The main character is the mild-mannered sheriff of a tranquil little town. People start dying mysteriously, victims of a predatory force of nature. Enter a researcher who specializes in this particular field of science and a crusty old hunter of said predator with a past history dealing with such. The mayor wants everything hushed up and doesn’t want to hear any talk of having to cancel the town’s biggest day of tourism. I’m just shocked they didn’t go so far as to have someone utter the line “We’re going to need a bigger lightning rod.”

Given the number of electrocutions, I am also amazed that at no point did anyone make a “Don’t tase me, bro!” joke.

Kevin Sorbo brings his special brand of laid-back performing to the role of a single dad sheriff who should have just been named Guy Everyman.
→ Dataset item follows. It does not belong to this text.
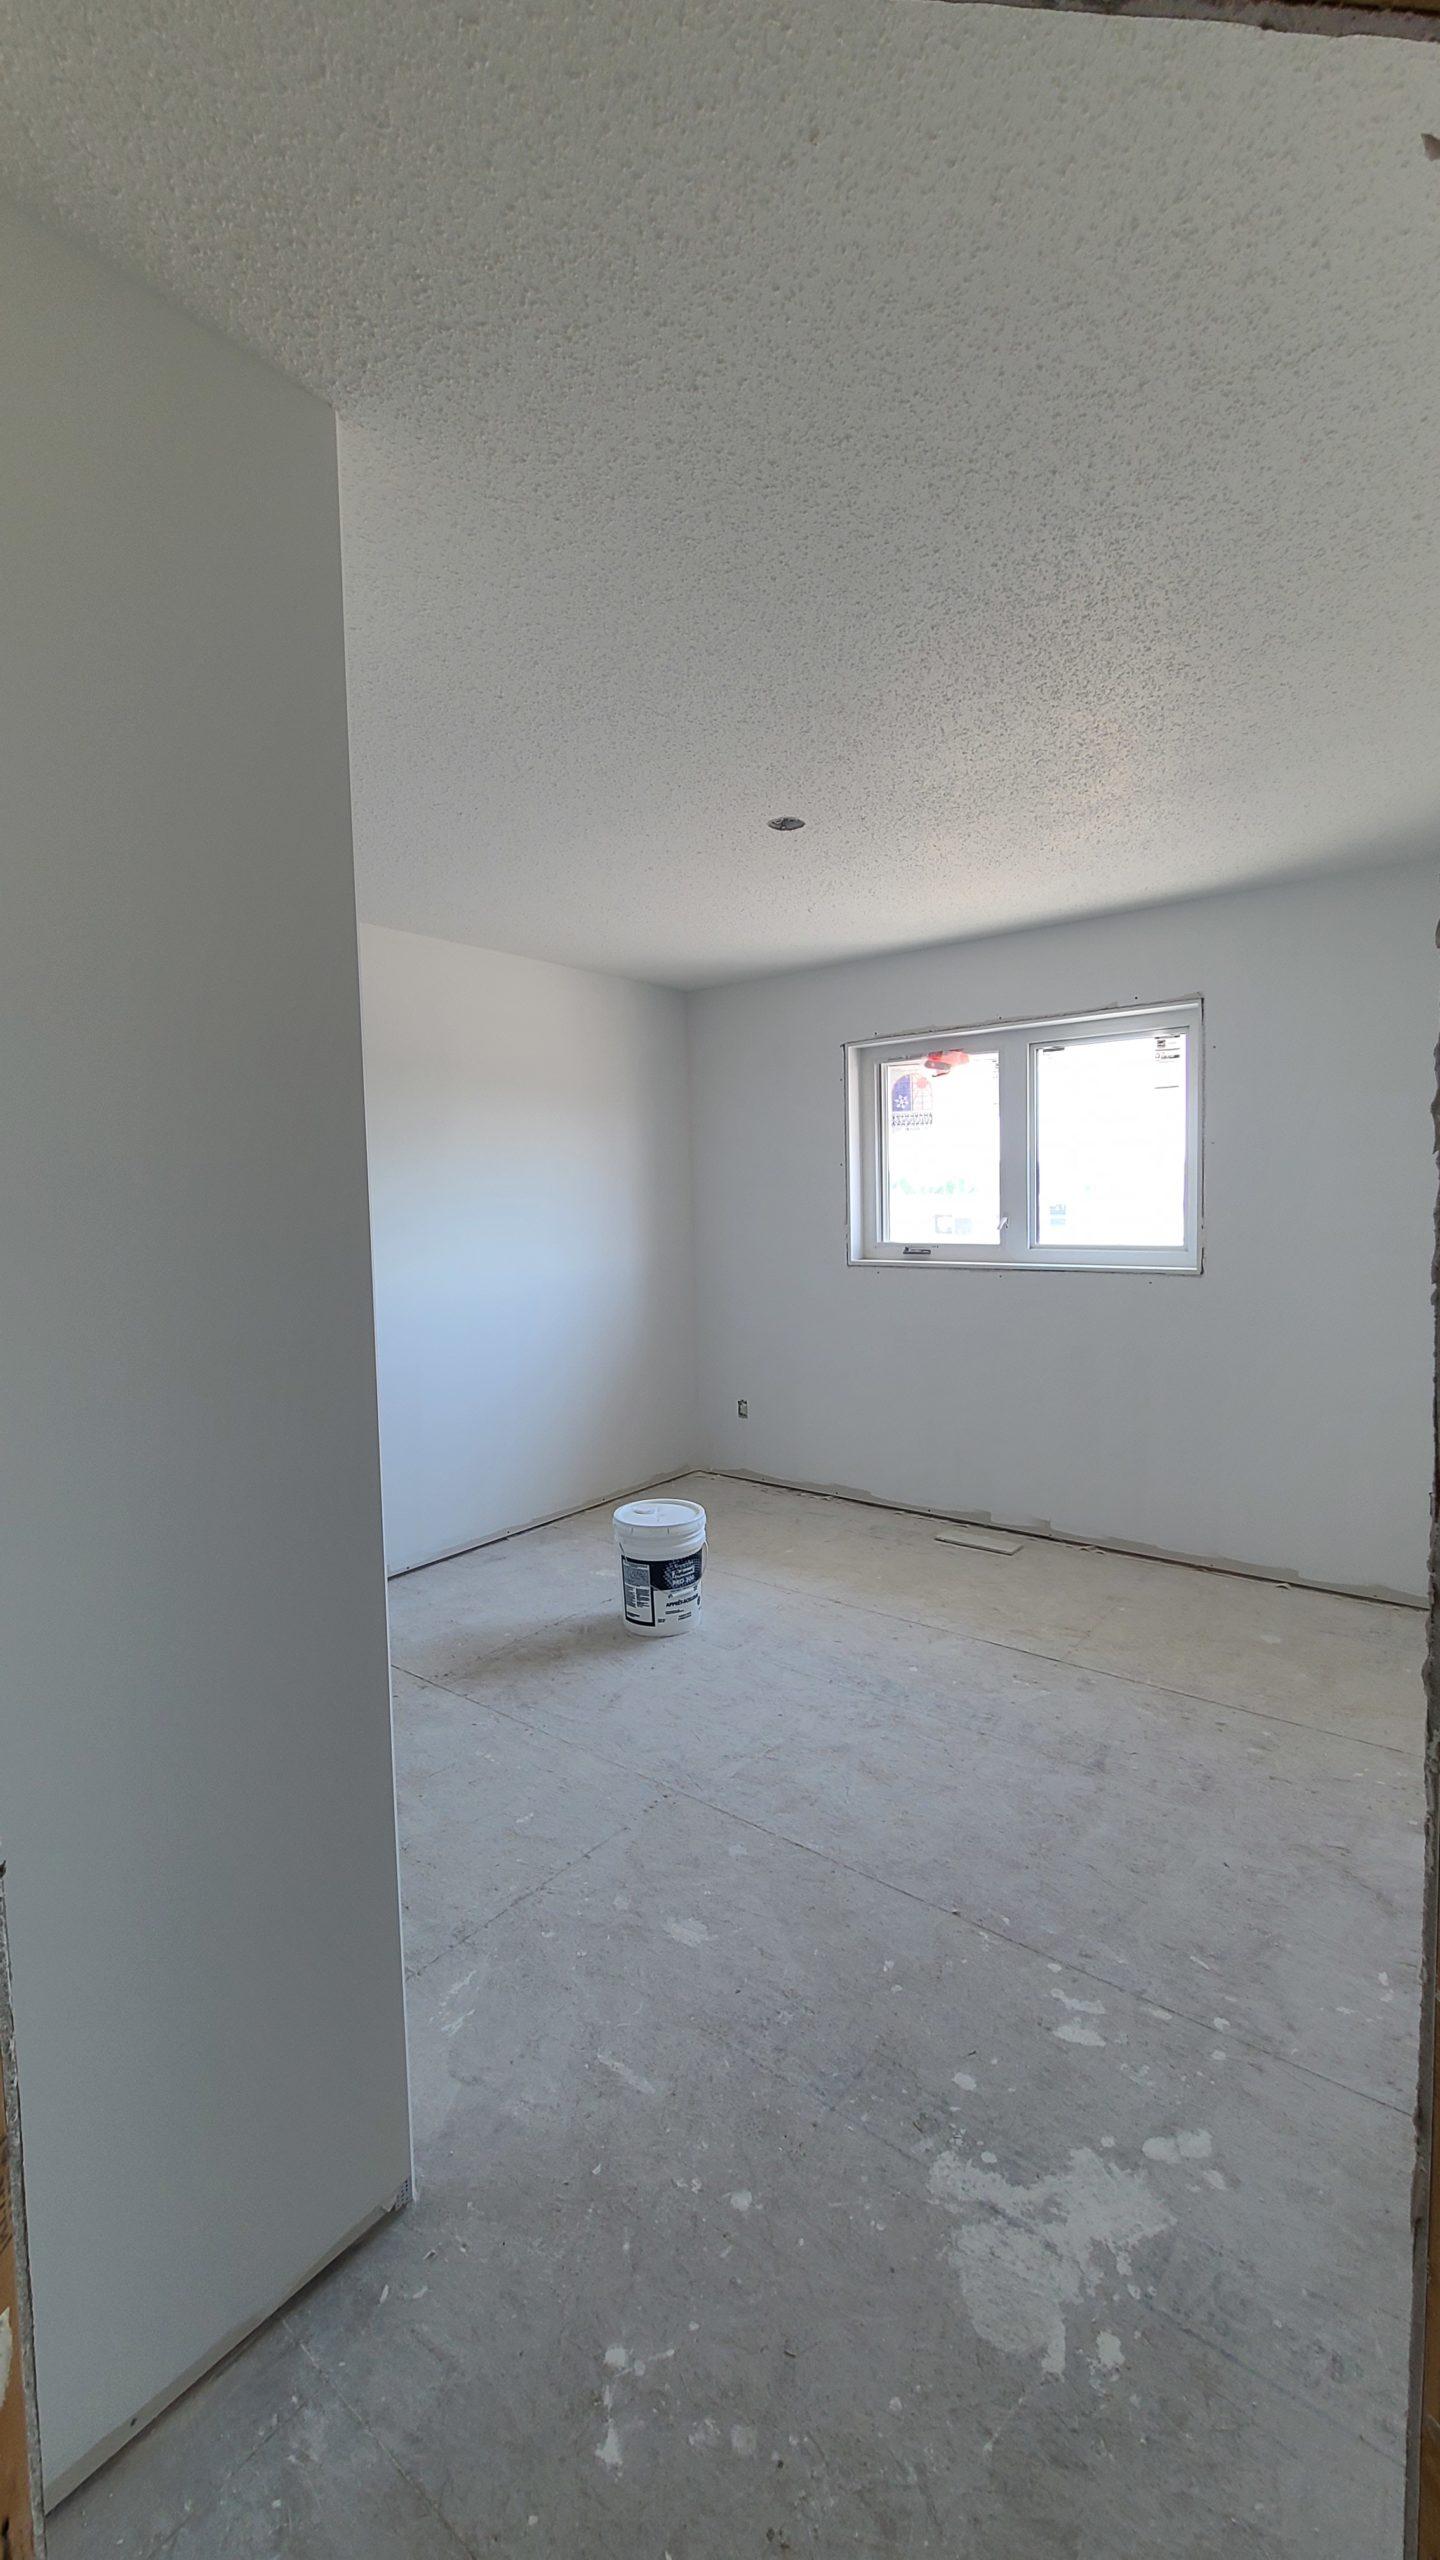 Spare Bedroom - 1 of 2 RTM under construction

The small town of Roscoe is days away from its annual Pumpkin Festival, which is doubly important for the foppish mayor because auto execs are also coming in to scope out the town with the possibility of it becoming the site of a new manufacturing plant.

All is well until abnormal lightning strikes leave behind a string of “mutilation by high voltage impact” bodies. A storm chaser and his two irritating pupils investigate. Then a mysterious stranger comes to town to conduct his own lightning experiments, and this guy appears to be shock-proof. Electrical burn scarred bodies continue to mount and ominous warnings of more to come follow.

Lightning StrikesA creature exists in the pure electrical energy. The lightning it generates might just electrocute you to death, or you might end up inside a white void within the lightning with the vicious extraterrestrial-looking creature itself. We get a lot of talk about what this monster may be or how it might have come about, but it’s never fully developed as a monstrous entity. The idea is so unique; yet, the monster could almost be written out and the plot turned into a more tried and true natural disaster flick.

I’ve been mostly curious about Lightning Strikes because it was written by David A. Prior, who along with his brother Ted was a staple of the independently-produced, direct-to-video action genre of the early 1990’s. I noticed in the opening credits that the writing credit is co-attributed to long-time Syfy movie producer Philip Roth, a guy I’ve been told in the past has a bad habit of turning creative concepts into cliché-a-thons. Makes me wonder if he rubber stamped the script to ensure the more intriguing ideas playing into the notion of a supernatural monster lurking inside the lightning remained secondary to all the standard Sci-Fi Channel original movie machinations.

As is often the case, there is entirely too much talky down time between the brief attack scenes until the all-out lightning storm finale, which no doubt sucked up most of the budget. FX guy Gary Jones (Boogeyman 3, Mosquito) manages to make Lightning Strikes into a serviceable little creature cum disaster flick, albeit one without much spark to it until the third act. I dare say Lightning Strikes is a movie perfectly suited for watching on a rainy day.

Lightning Strikes will also be of note to fans of Syfy’s “Who Wants to be a Superhero?” series. Season 2 winner “The Defuser” appears in a small supporting role as part of his grand prize victory. Unlike the Season 1 winner Feedback, who only got a 90-second cameo in Mega Snake during which time he came across as a total spaz, “The Defuser” got an actual role (sort of) playing a goofy deputy who either is “The Defuser” or just a really big fan of his; trust me when I tell you the one scene acknowledging his “Defuser” character is about as contrived as anything you will ever see. At least he gets to save a damsel in distress from a near fatal electrocution.

That beats some of the other police work seen in the film. A small town police deputy calling in his position investigating a lightning victim falls victim himself, and nobody goes looking for him until nearly a day later.